# The Berlin Model (built, u/c and future)



## nick_taylor (Mar 7, 2003)

*The Berlin Model in Berlin*


The following are pictures taken from the Berlin Town Hall Model Room (way back in Easter this year - been so busy that I aint been able to find time to post all these pictures and lots more). White models indicate buildings already built, the wood-colour blocks indicate buildings either built, u/c or future proposals after 1990-2000. The main future proposals being around Alexanderplatz (where all those towers are)...currently only masking blocks, but general dimensions for the very long term (Berlin has a very high vacancy rate for the moment and near future).


----------



## Vloepkleedje (Sep 11, 2002)

Beautiful scale model. Maybe it is not a strange thought to lower the office towers or to design them as residential. And to difference them in height. 

Berlin is a great city, I am really impressed by the developments the last decade!

Thanks for the pictures.


----------



## beta29 (Sep 30, 2004)

yes, thanks a lot for the pictures. There are really a lot of projects. Hope everything will be built in near future, especially the skyscrapers!


----------



## Dr. Dubai (Mar 22, 2004)

looks great, but a small question:

how tall will the tallest towers be?


----------



## LSyd (Aug 31, 2003)

cool.

-


----------



## beta29 (Sep 30, 2004)

Dr. Dubai said:


> looks great, but a small question:
> 
> how tall will the tallest towers be?


The tallest towers will be at Alexanderplatz with 150 m.
The other skyscrapers are 100-150 m. It´s very sad, we need +200


----------



## Dr. Dubai (Mar 22, 2004)

beta29 said:


> The tallest towers will be at Alexanderplatz with 150 m.
> The other skyscrapers are 100-150 m. It´s very sad, we need +200


it's the same in Holland. the towers are not talelr than 150 meter. we have one project in Rotterdam "maastower" which is 165 meters, that's the tallest on the moment.


----------



## LuckyLuke (Mar 29, 2005)

Thank you for the awesome pics! Well most of the brown buildings are already there.

Postdamer Platz:







Pariser Platz:





The last building will be the US embassy.

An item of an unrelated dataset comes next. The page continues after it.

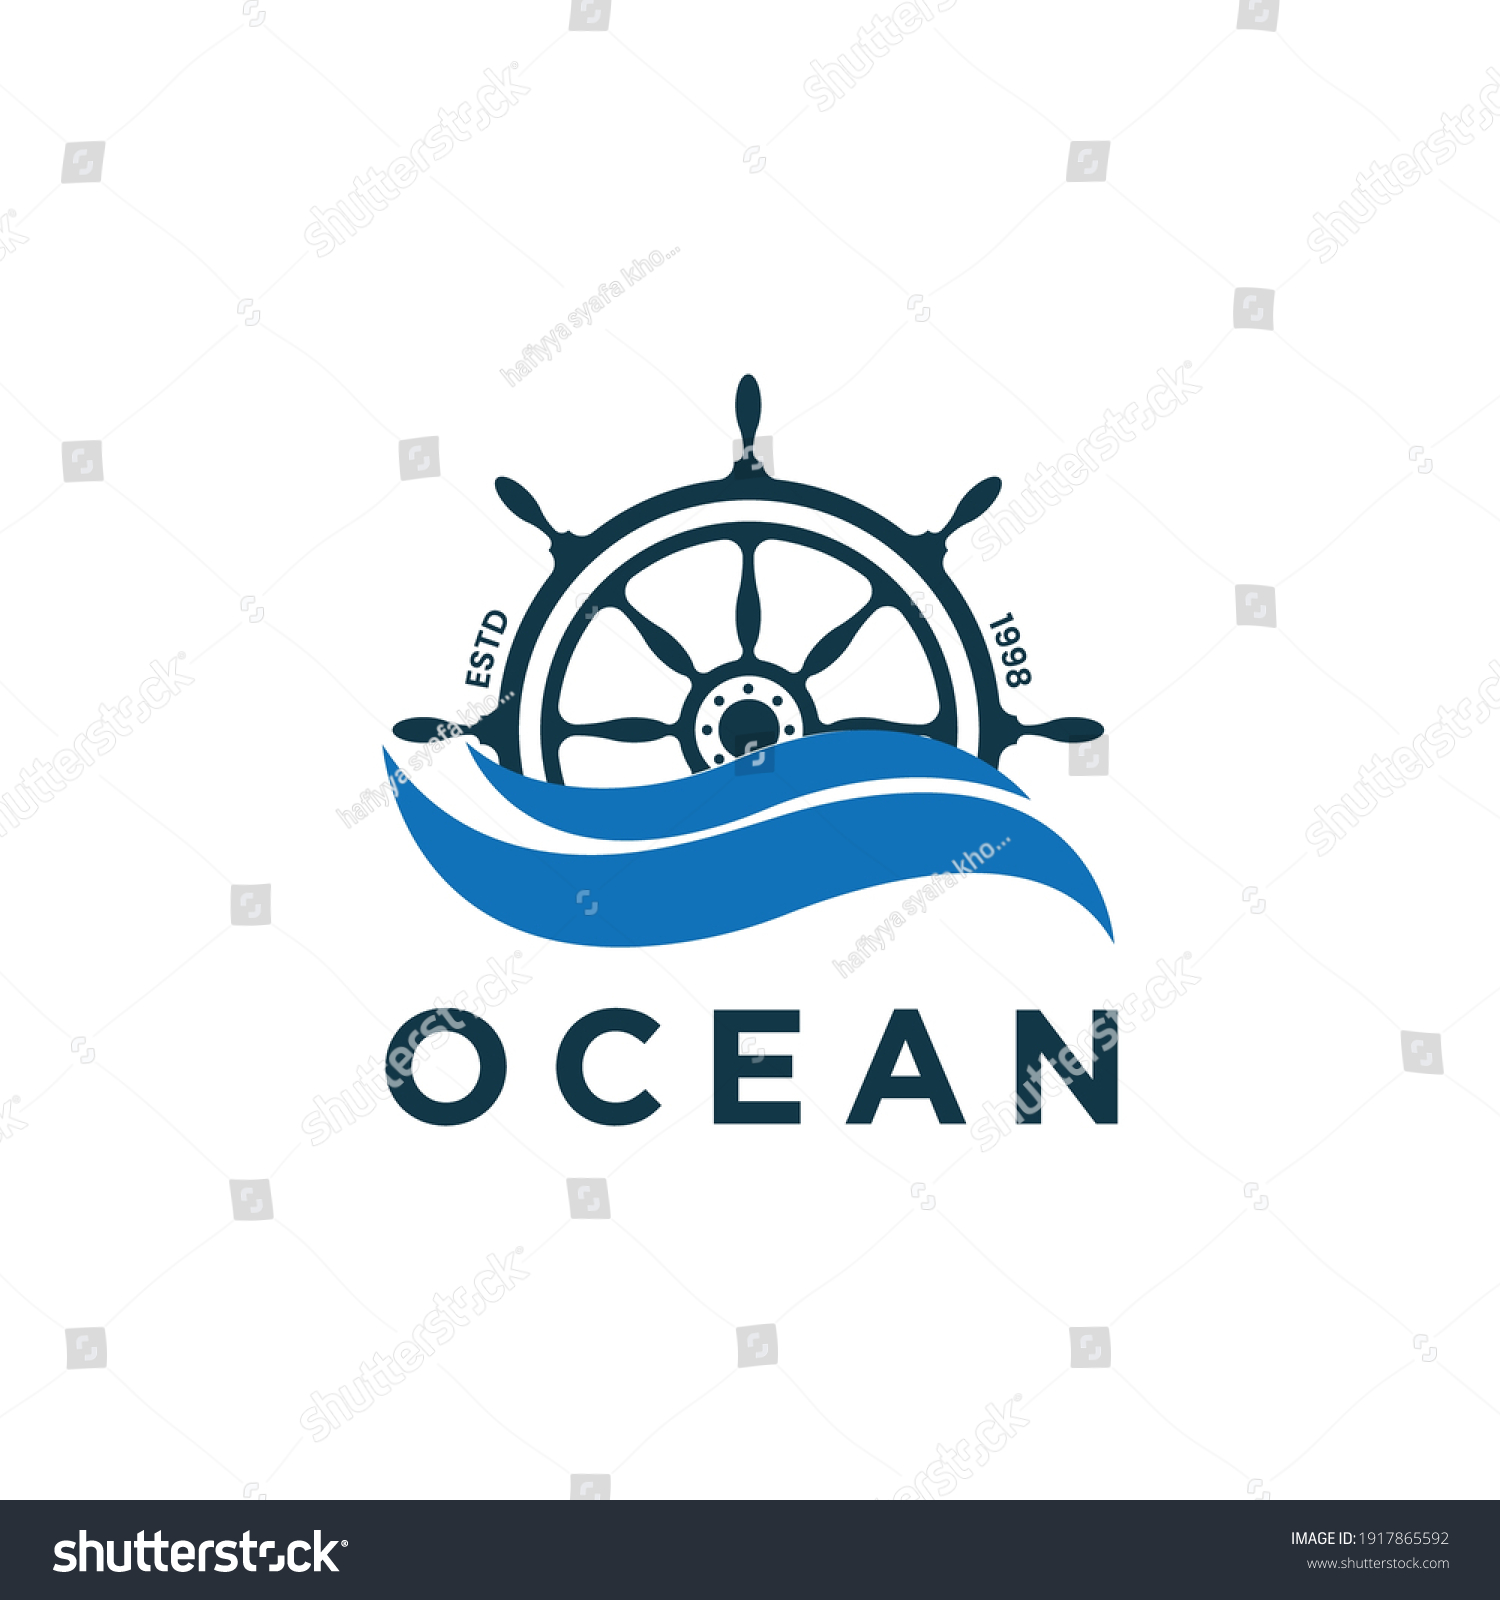 35,803 Ship waves logo Images, Stock Photos & Vectors | Shutterstock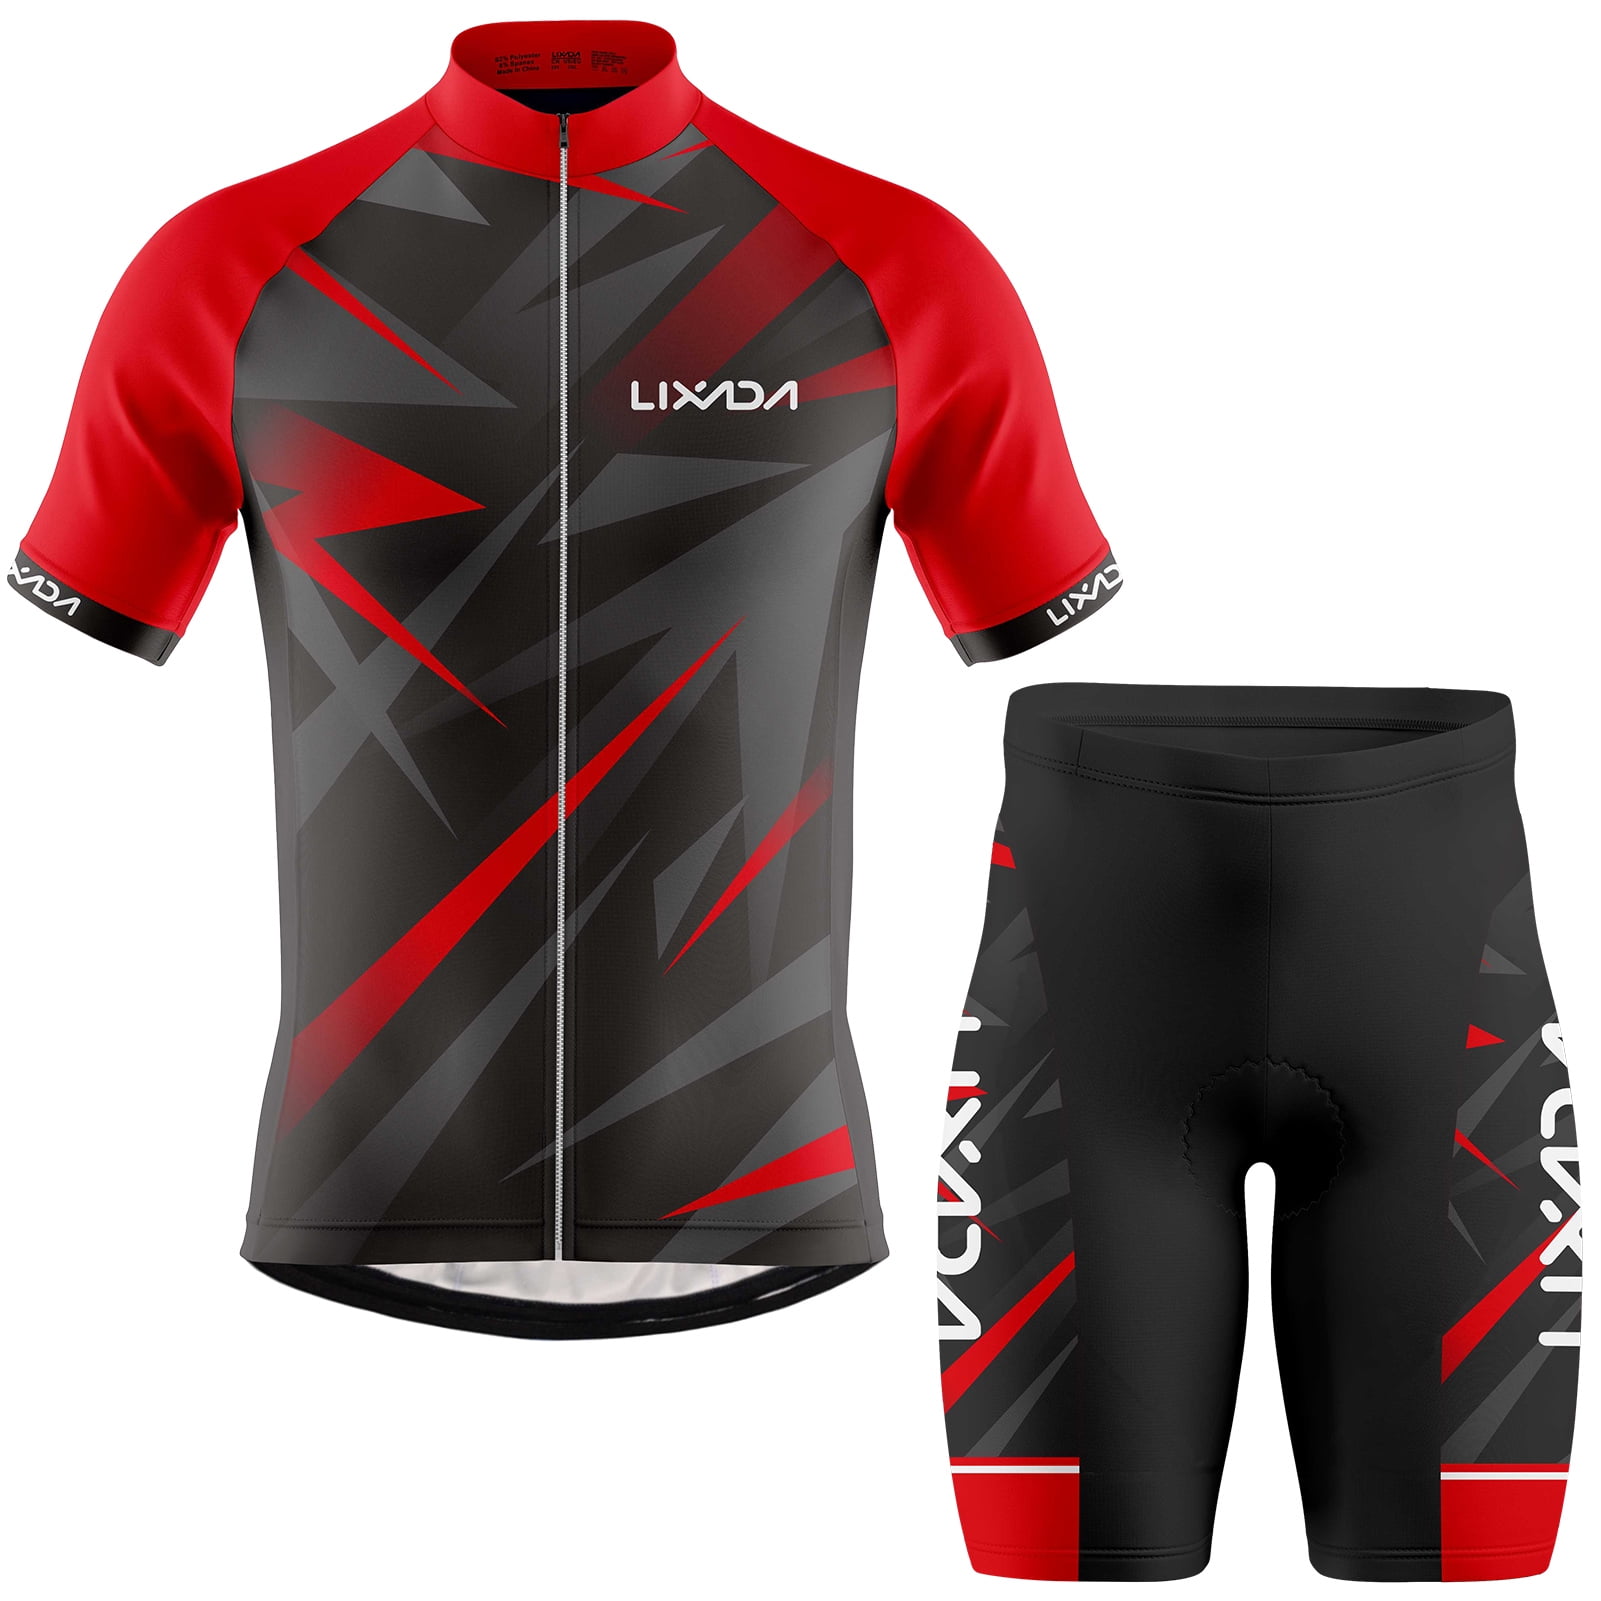 Cycling Bike Clothing Wear Short Sleeve Suit Jersey Sets+Bib Shorts S-3XL

It is in construction right now.

Main Station:


----------



## il fenomeno (Sep 11, 2002)

how old's that idea of that cluster next to the alexanderplatz? 10 years? 
lets not kid around, you cant erect 10x 150m skyscrapers, unless you dont have grow rates like shanghai


----------



## LuckyLuke (Mar 29, 2005)

il fenomeno said:


> how old's that idea of that cluster next to the alexanderplatz? 10 years?
> lets not kid around, you cant erect 10x 150m skyscrapers, unless you dont have grow rates like shanghai


Right, but the constructions at the Alexander Platz just have started. The construction of the first tower should start in 2008-2009.


----------



## Qatar4Ever (Feb 3, 2004)

For some reason i have this urge to grab a baseball bat.. j/k


----------



## rocky (Apr 20, 2005)

that cluster looks like higher than the postdamer platz towers..those look like 150m at least..
whats the size of that fernseh turm?


----------



## beta29 (Sep 30, 2004)

The "Fernsehturm" has a height of 368 m !!


----------



## rocky (Apr 20, 2005)

if the scale of the model are right the towers are at least 140m..
i like that cluster, hope its built!


----------



## Gendo (Dec 4, 2003)

That's quite the scale model, though the trees are a bit big compared to the photos.


----------



## CULWULLA (Sep 11, 2002)

hey great model. It looks only 1;1000 scale? the one i work on here in Sydney is 1;500. We have colour coded.
beige=existing
red=uc
grey= approved
white=proposed
brown=heritage


----------



## scorpion (Sep 14, 2002)

go berlin!


----------



## bobdebouwer (Feb 26, 2004)

Looks very good, these are all plans for the long term, aren't they?


----------



## New York Yankee (Mar 18, 2005)

are these yellow/brown 'bloks' approved or u/c by the berlin model?


----------



## beta29 (Sep 30, 2004)

Some of the wood blocks are built now, some under construction, some future proposals!


----------



## Jasonhouse (Jul 27, 2002)

Since this thread is not announcing a specific highrise project, it does nto belong in the News and Developments forum.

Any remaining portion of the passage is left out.